The president convinced Congress to go along with a second tax cut in 2003. That happened in time to help the expansion pick up after being hammered by the Sept.11, 2001 terrorist attacks, corporate scandals and the war in Iraq, Smith said.
"Unfortunately, all these tax changes, several more of which were enacted or extended in two tax bills enacted in the past few months, have added even more complications to the tax code," he said. "It takes a real expert to be able to fill out her or his own tax return these days, and it gets worse every year."
The UNC professor, rated by The Wall Street Journal as the nation’s most accurate economic forecaster in three of the past nine years, made his remarks in the latest issue of the Business Forecast, a newsletter he writes for the business school.
"President Bush has said he wants to make his tax cuts permanent," Smith said. "He has also said he wants to pursue tax reform in his second term. A very good way to do that would be to junk the entire current system of corporate and personal income taxation. A wonderful replacement would be a flat tax on consumption."
All analysts agree that one of the biggest U.S. economic problems is the low savings rate, he said. Since savings must equal investment by definition, that shortfall "means that we must rely on foreigners to finance investment in the United States."
Total retail sales in this country were nearly $4 trillion in fiscal year 2004, which ended Sept. 30, the economist said. Total personal income tax receipts in the same period were $816.3 billion. Thus a flat tax on retail sales would have to be 20.6 percent to replace the income tax. If all services such as work performed by utilities, doctors, dentists, lawyers, educators and others were subject to the same tax, the rate could be reduced to 12 percent or so.
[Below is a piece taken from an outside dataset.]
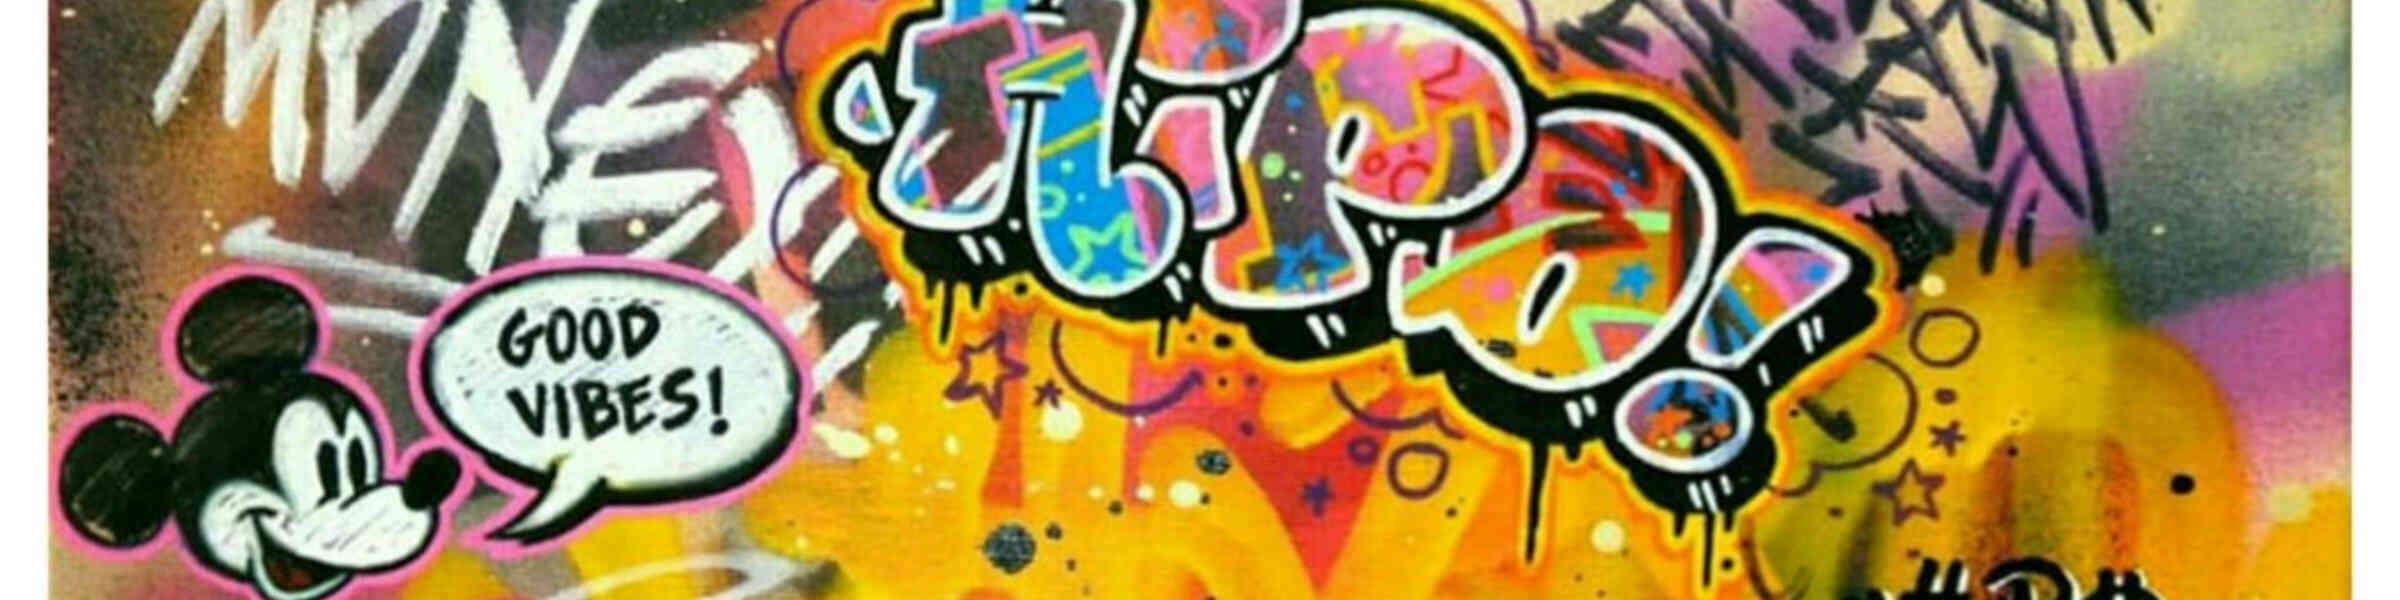 Artist shop banner image

"If one wished to provide a rebate to all households with less than the median income of $50,000, then a flat rate of about 14 percent would work," Smith said. "This would result in a huge efficiency gain for the U.S. economy. We could abolish the Internal Revenue Service and repeal the 16th amendment to the Constitution, so it would be hard to bring back an income tax. If businesses paid the same flat tax, the rate could probably be reduced to 11 to 12 percent, though business taxes are always passed along to consumers through pricing."
Savings would not be taxed at all, he said. Neither would dividends or capital gains or estates. There would be no loopholes. There would be no special interests lobbying Congress for tax breaks.
The sellers of goods and services would collect taxes. The collected money would be sent on to the U.S. Treasury on a daily, weekly or monthly basis, depending on volume.
"Some experts have estimated that such a tax would add one to two trillion dollars in efficiency gains to the U.S. economy over the first few years," Smith said. "It would also make the level of U.S. economic activity permanently higher and would dramatically reduce or even eliminate the federal budget deficit until 2012 or so."
Some people like such a tax because it would bring the underground economy totally into the system, he said. All consumer spending would be taxed.
The late broadcaster, David Brinkley, used to say that as desirable as such a system is, it would never come to pass because members of Congress get too many donations from people who want a specific tax break of some sort, Smith said. Brinkley may have been right, but many people said the same things about the Tax Reform Act of 1986.
"Just think about never having to fill out any tax forms again," he said. "That smile on your face ought to help make you an advocate of the flat tax on consumption."